One of Boko Haram's main goals (as its name implies) is to prevent Nigerian Moslems from getting a Western education (despite that being what most parents want). So far this year 14 schools have been destroyed, leaving 7,000 students without an education. The threat of attack on schools and teachers has kept over 100,000 other students away from class at least some of the time.

April 26, 2012: Suicide car bombers in the capital and the northern city of Kano attacked the offices of a major newspaper, leaving 40 dead and hundreds injured. Boko Haram took responsibility and warned that if news media continued to say unflattering things about the Islamic terrorists the attacks would continue. This is a standard tactic of terrorists.

April 25, 2012: Tribal violence continued in the Central Nigerian city of Jos, leaving six dead in two incidents.

April 24, 2012: An audit of the fuel subsidy program (which keeps vehicle and other petroleum fuels very inexpensive) found that someone stole nearly $7 billion from the program in just three years (2009-11). Legislators are calling for identification and prosecution of those that took the money. But the guilty will, as usual, use their stolen wealth to bribe police, prosecutors, journalists, and politicians to avoid punishment. It's very difficult to get through these defenses and actually convict and imprison these thieves.

In the northern city of Kano police raided a Boko Haram bomb workshop and found six assembled bombs and one under construction. The Islamic terrorists use these bombs to attack the security forces, intelligence services, and government offices. But most of the casualties tend to be nearby civilians. This increases the willingness of people to tell the police (who are generally hated for their corruption and cruelty) about Boko Haram activity they have spotted.
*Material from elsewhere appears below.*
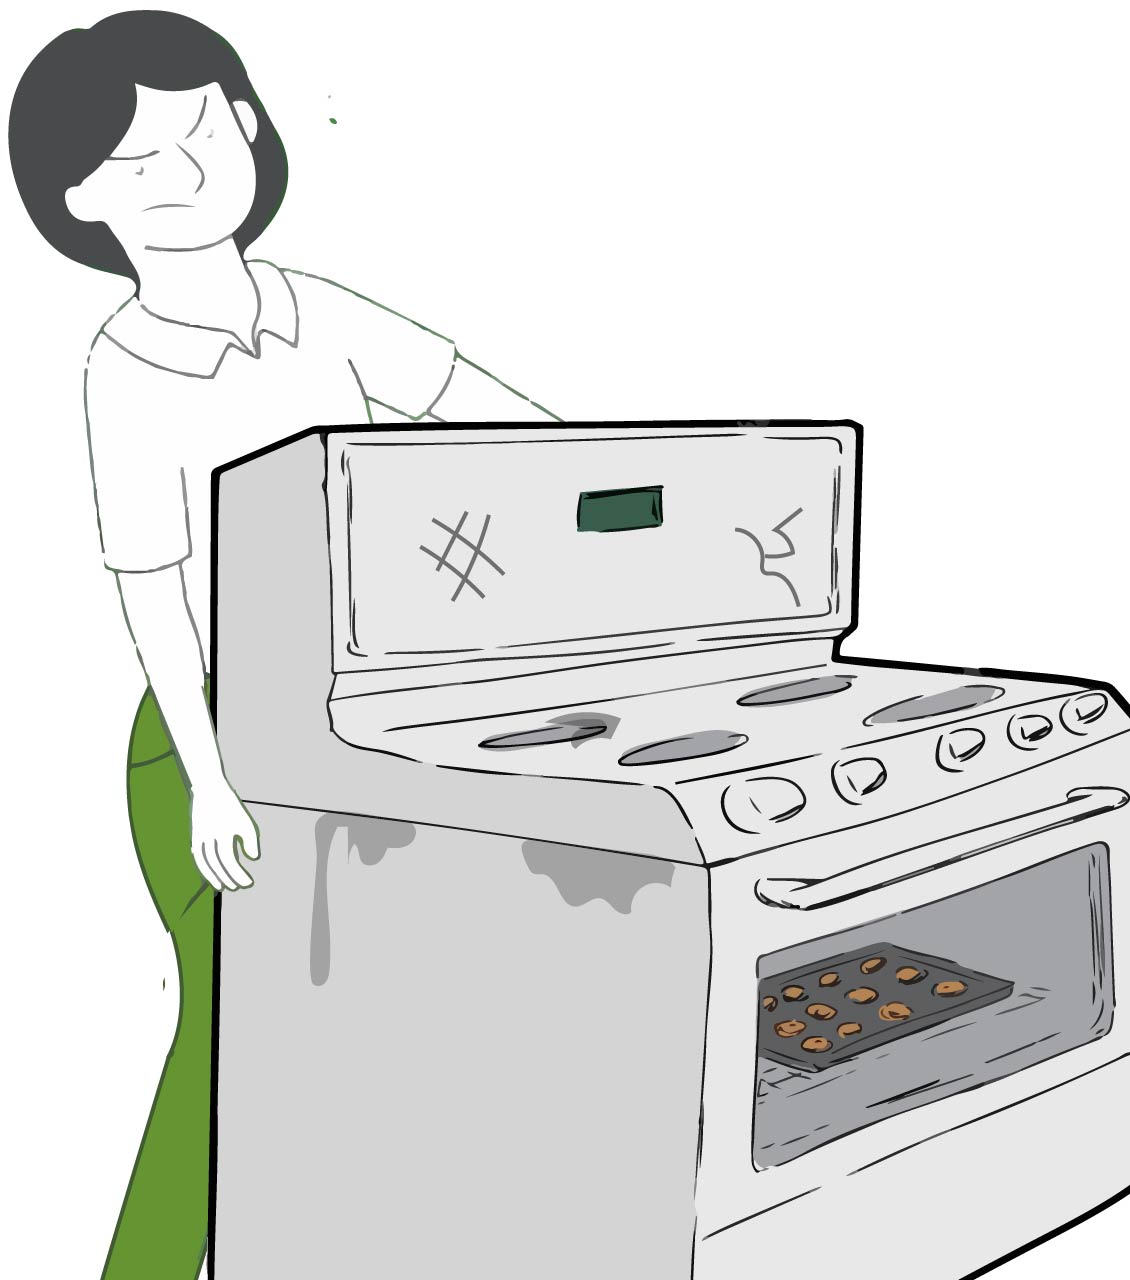 Syracuse oven removal services

April 21, 2012:  The government is establishing a special prison for senior Boko Haram. This will make it easier to interrogate the prisoners and analyze the information. The new prison will also be more resistant to Boko Haram attempts to free their fellow terrorists. Other prisons are vulnerable to such attacks because of bribery and incompetence.

In northeastern Borno State an explosion in a Boko Haram bomb workshop killed at least five.

An air force raid on a Boko Haram bomb workshop in northern Kogi State destroyed the facility. While the terrorists were able to escape before troops could get to the remote area, much evidence of bomb making and Boko Haram was found.

April 20, 2012: In the north Boko Haram killed seven people in several attacks during the last 24 hours.

April 19, 2012: Piracy is on the increase off the coast. Ships are not being taken, as off Somalia, but instead the crews are robbed and anything valuable and portable is taken. Sometimes senior officers are kidnapped and held for ransom. In the first three months of this year, there were ten of these attacks off the Nigerian coast. For all of last year there were only ten such attacks. At the same time oil revenue last month was down five percent because of attacks on oil facilities in the Niger Delta.